Out of all the rites of passage that a Clemson student goes through, none is more infamous than experiencing a football game on Memorial Stadium’s hill. Sliding stomach-first when the rope finally drops, fighting for space on the only two flat sections, dripping with sweat that probably isn’t yours and feeling your calves cramp from standing at a 45-degree angle for four hours is worth it just for a chance to see the Tigers play.
Next season, Clemson Athletics is working to make these core memories a reality for Tiger fans everywhere by converting all bleachers into hill-style seating.
Currently, Death Valley is confined to holding only 81,500 fans, with students forced to give up their firstborn children to even have a chance at receiving a student ticket. However, not having spectators confined to assigned seats will greatly increase the stadium’s maximum capacity.
“Heck, if everything was a hill, I bet we could fit a million people up in here,” Clemson athletic director Graham Nugget said. “We could probably even give a ticket to every student. No other school does that. We wouldn’t need those wristbands anymore.”
Last spring, Clemson announced plans to add handrails and other safety measures to The Hill, sparking outrage from many fans.
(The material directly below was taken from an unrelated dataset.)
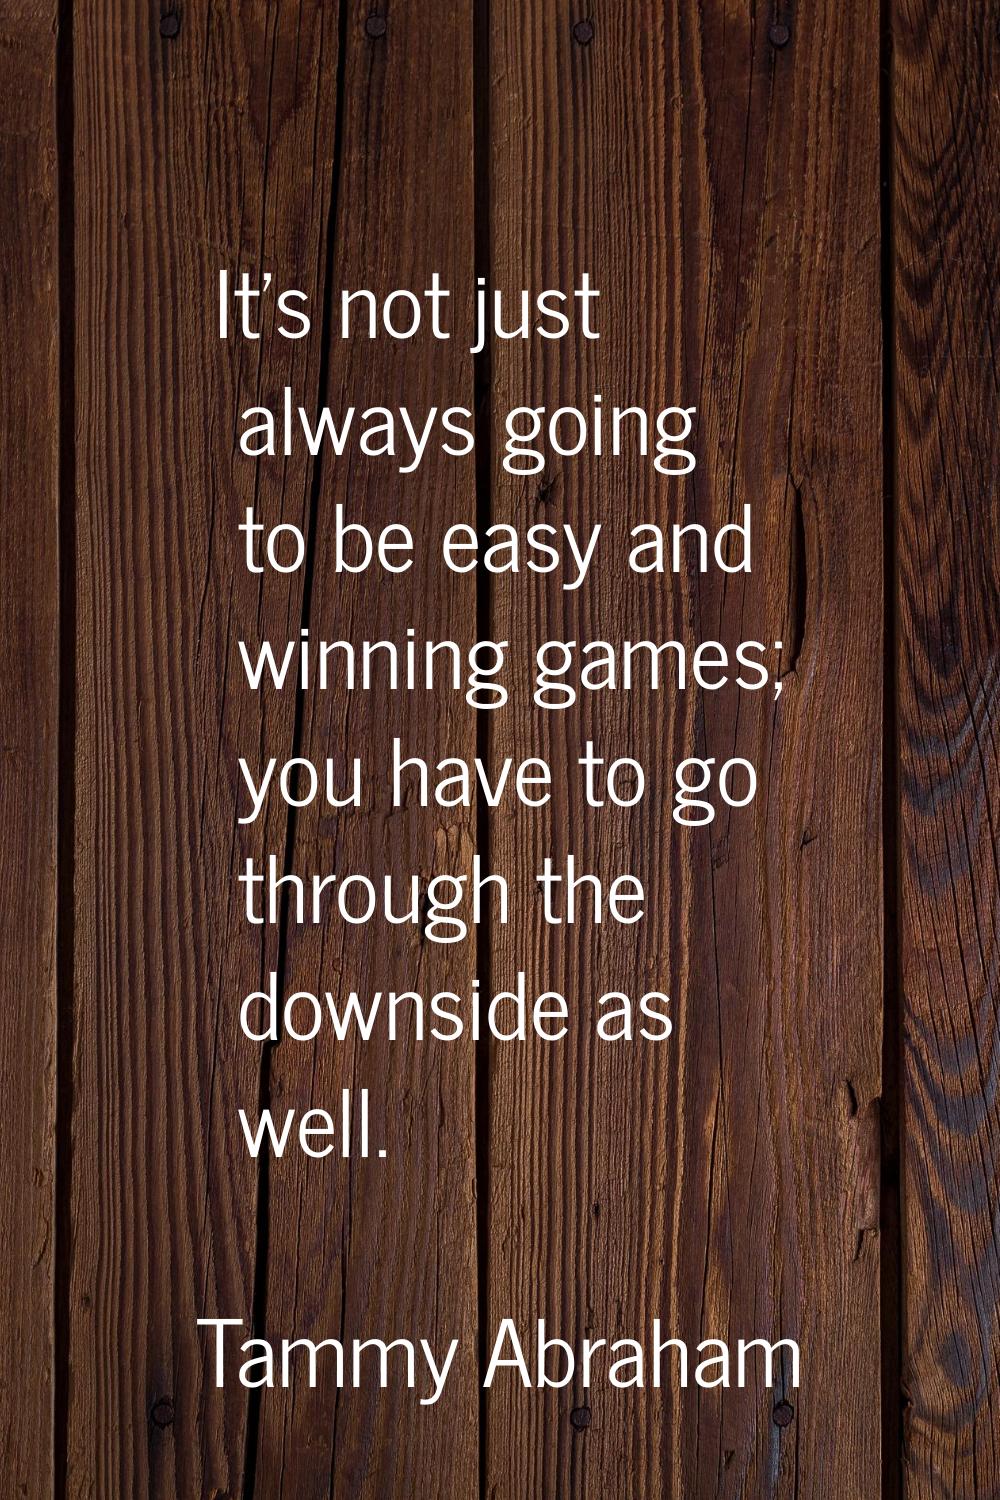 It's not just always going to be easy and winning games; you have to go through the downside as wel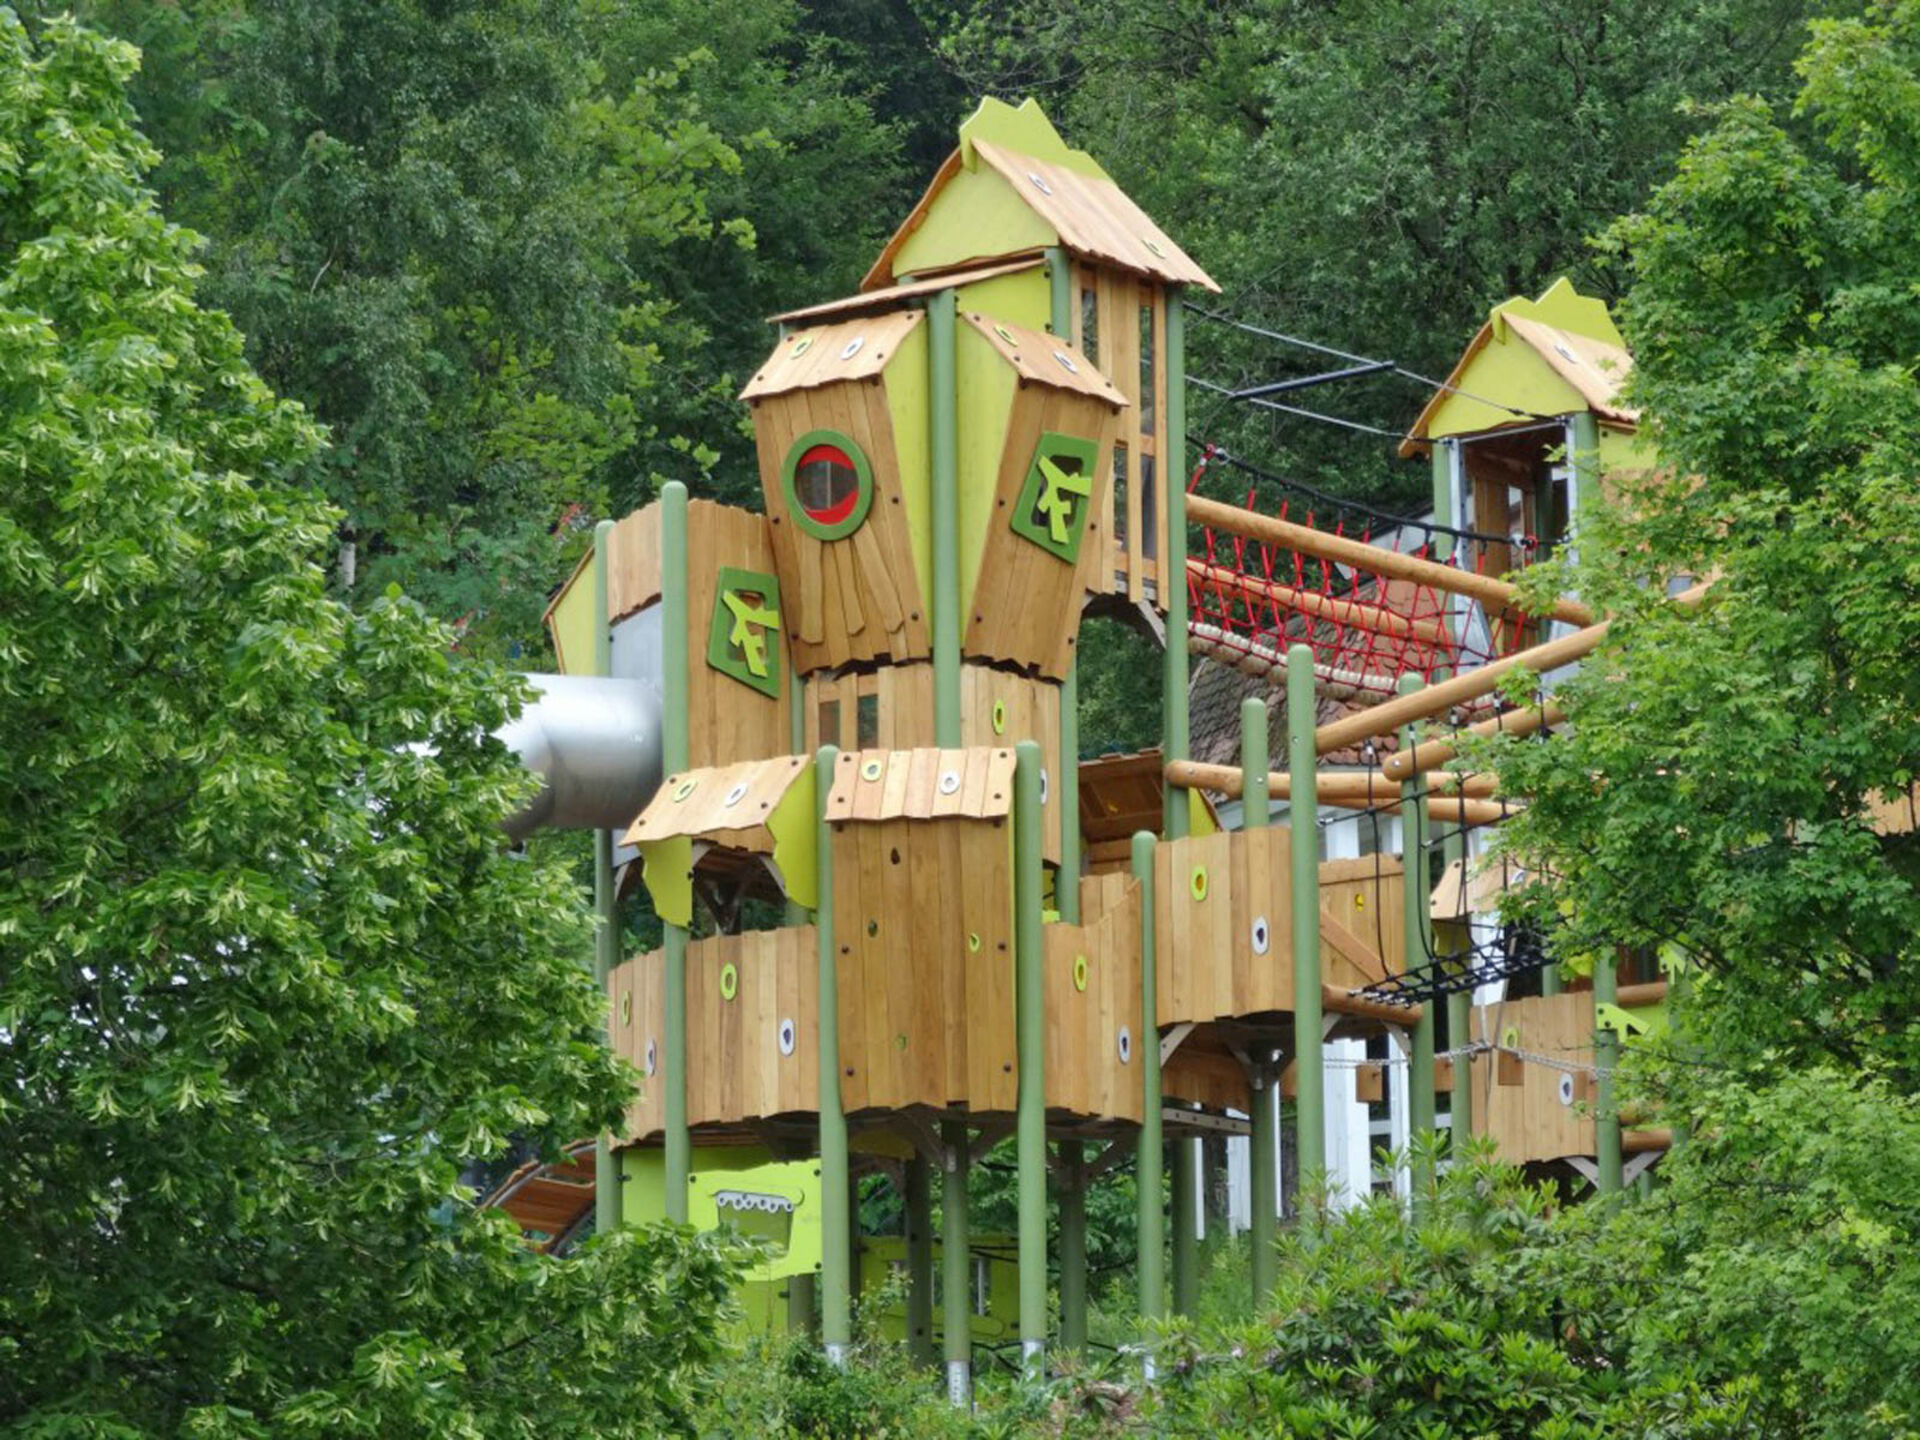 Beaver's lodge and climbing facility in the Panorama Park in Kirchhundem in the Sauerland

The announcement of the new all-hill Memorial Stadium, however, came as a huge relief across the Upstate.
“I almost had a heart attack last year when I heard they were gonna try to take away The Hill,” said Joe from Pickens, a Clemson fan for over 50 years. “Back in my day, we had to paddle across Lake Hartwell against the wind both ways to watch Clemson football. I’m glad they finally came to their senses and are making the whole thing a hill. Everyone just needs to toughen up.”
While this new style of seating will take away seats from big-shot IPTAY donors, they can still expect to receive benefits according to the level of their contributions.
“People who donate less than $5,000 will get little handheld fans,” an anonymous IPTAY representative said. “$15,000 or less gets you an umbrella, and our most generous donors can enjoy a personal awning with a complimentary ice cream bar in the summer and a coffee bar in the winter.”
Originally, the new hills were to be made of artificial turf, using turfgrass for the football field only. However, the wild popularity of the current hill and recommendations from Clemson faculty have shifted the plan to now implement real grass.
“Who doesn’t love standing in the mud during a rainy game? I know my students sure do,” said Ricky-Bobby Jones, landscape management professor. “Plus, using the real grass would be a great project for them. If they can keep the grass alive for an entire season, they’ll get an A for the semester.”
When asked for his opinion on the upcoming changes to Death Valley, head football coach Sabo Dwinney was — true to form — all in.
“I mean, I think it’s great,” Dwinney said. “Think of all the NIL deals we can get for our players with the turf companies. I called Nick Saban to ask what he thought about it, and he thinks it’ll be a winner.”
This article is satire as part of The Tiger’s April Fool’s edition, The Kitten. This story was written for comedic purposes and has no verifiable truth to it.